# Community has been cancelled



## Gahars (May 9, 2014)

> The dream of six seasons and a movie is over: Numerous sources are reporting that NBC has canceled Community—four words that Community fans have dreaded hearing almost every day since the show’s first season, imagining what it would be like to read them, practicing saying them to see how they would feel in their mouth. In a way, they became their own #SixSeasonsAndAMovie-like mantra, a way of speaking aloud their tribe’s greatest fears in an effort to ward them off. But today they are no longer just a danger lurking in the darkness to be greeted with nervous laughter and the self-preservation of cynicism. Today they are real.
> 
> NBC has canceled Community.


The AV Club

If you'll excuse me, I'm going to go stare into the sunset as Pink Floyd's "Wish You Were Here" quietly plays on in the background.

Please, stay with us Rick and Morty. You're our only hope.


----------



## Foxi4 (May 9, 2014)

inb4NetflixBuysItAndMakesAnotherSeason, see Arrested Development.


----------



## Lacius (May 9, 2014)

Five Seasons and No Movie


----------



## Gahars (May 9, 2014)

Alright, who's taking the plunge?


----------



## GameWinner (May 9, 2014)

We can make our own Community. Right, 'temp?


----------



## FAST6191 (May 9, 2014)

Hmm, might be time for the annual cancelled shows thread.

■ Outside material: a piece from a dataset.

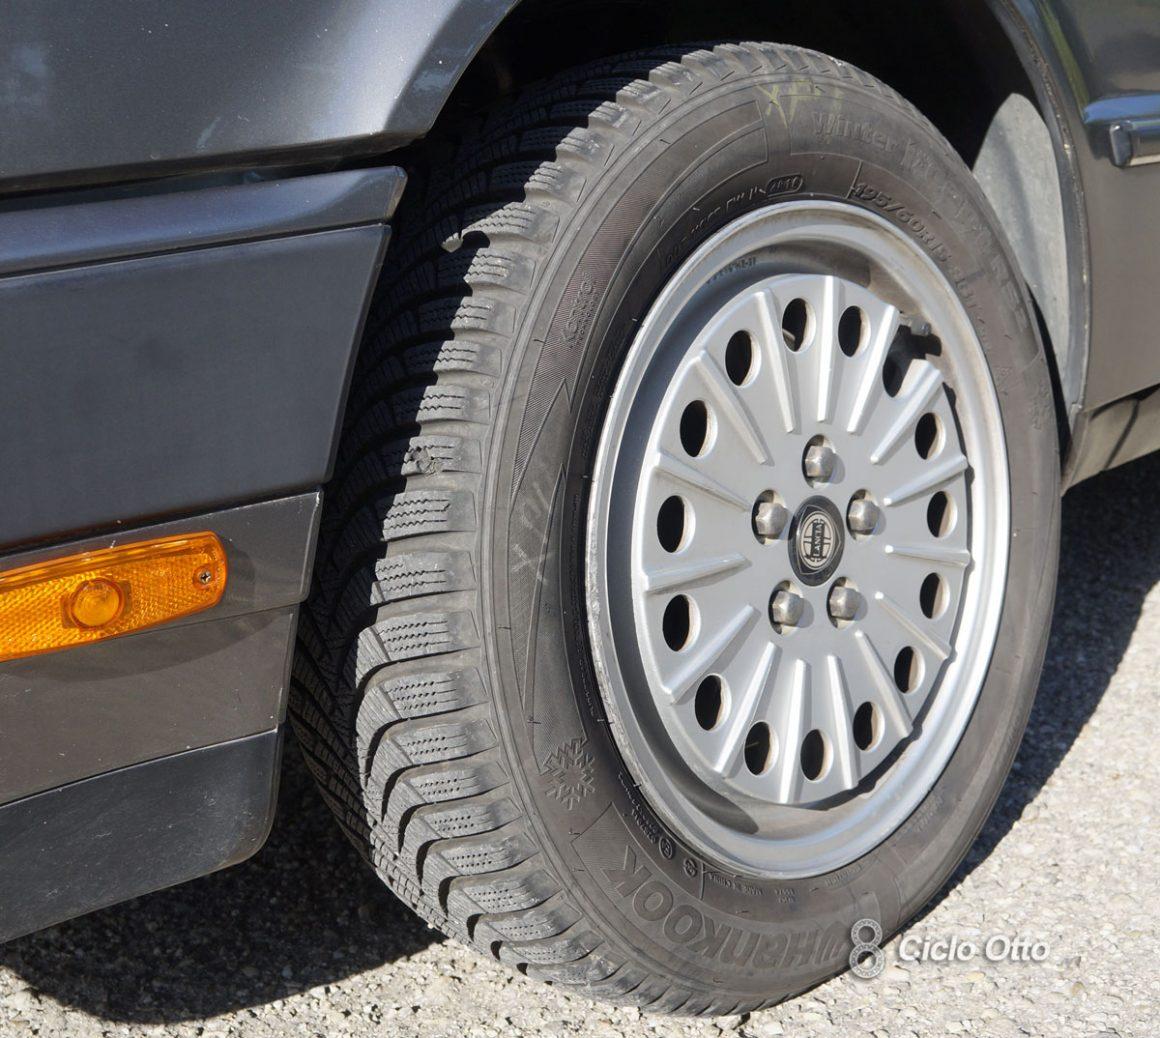 Lancia Thema Limousine - Telaio 009 - Dettaglio anteriore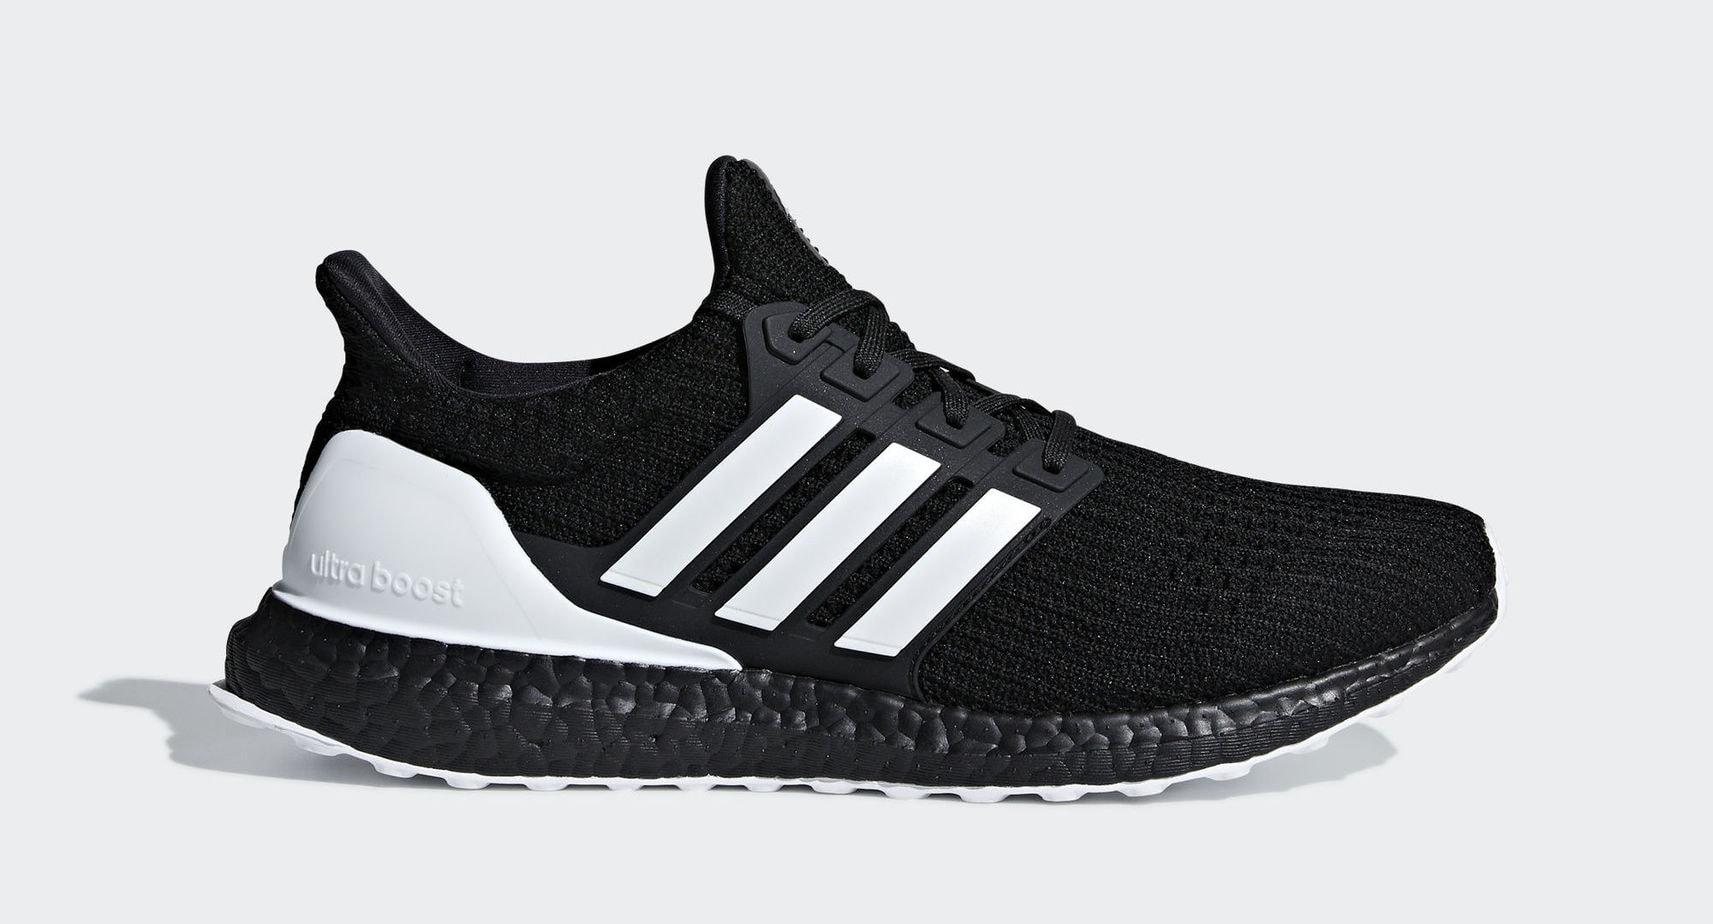 3899b0df1e47b ... promo code for adidas ultra boost 4.0 dna black white core black ftwr  white carbon november

Anyway I think I might have caught 10 minutes somewhere, though I might have been confusing it with another similarly themed comedy show.


----------



## Nathan Drake (May 9, 2014)

That's disappointing. They did such a good job with season five despite having to recover from the mess that was season four. I was really looking forward to that sixth season. This show has a decently large cult following though, so odds are probably favorable that Netflix will pick it up. Some people might think Hulu, but they seem more infatuated with British television.


----------



## Hyro-Sama (May 9, 2014)

Y'know what NBC?


----------



## Madridi (May 10, 2014)

So is the movie cancelled too?


----------



## DinohScene (May 10, 2014)

Like all good things, it has to come to an end.


----------



## calmwaters (May 10, 2014)

Community? I never heard of that. Well, judging from its name, it sounds like a subtle ripoff of Friends. Good riddance: maybe now we can see quality shows, such as what is available in the BBC and other British broadcasting networks.


----------



## CompassNorth (May 10, 2014)

Gahars said:


> Please, stay with us Rick and Morty. You're our only hope.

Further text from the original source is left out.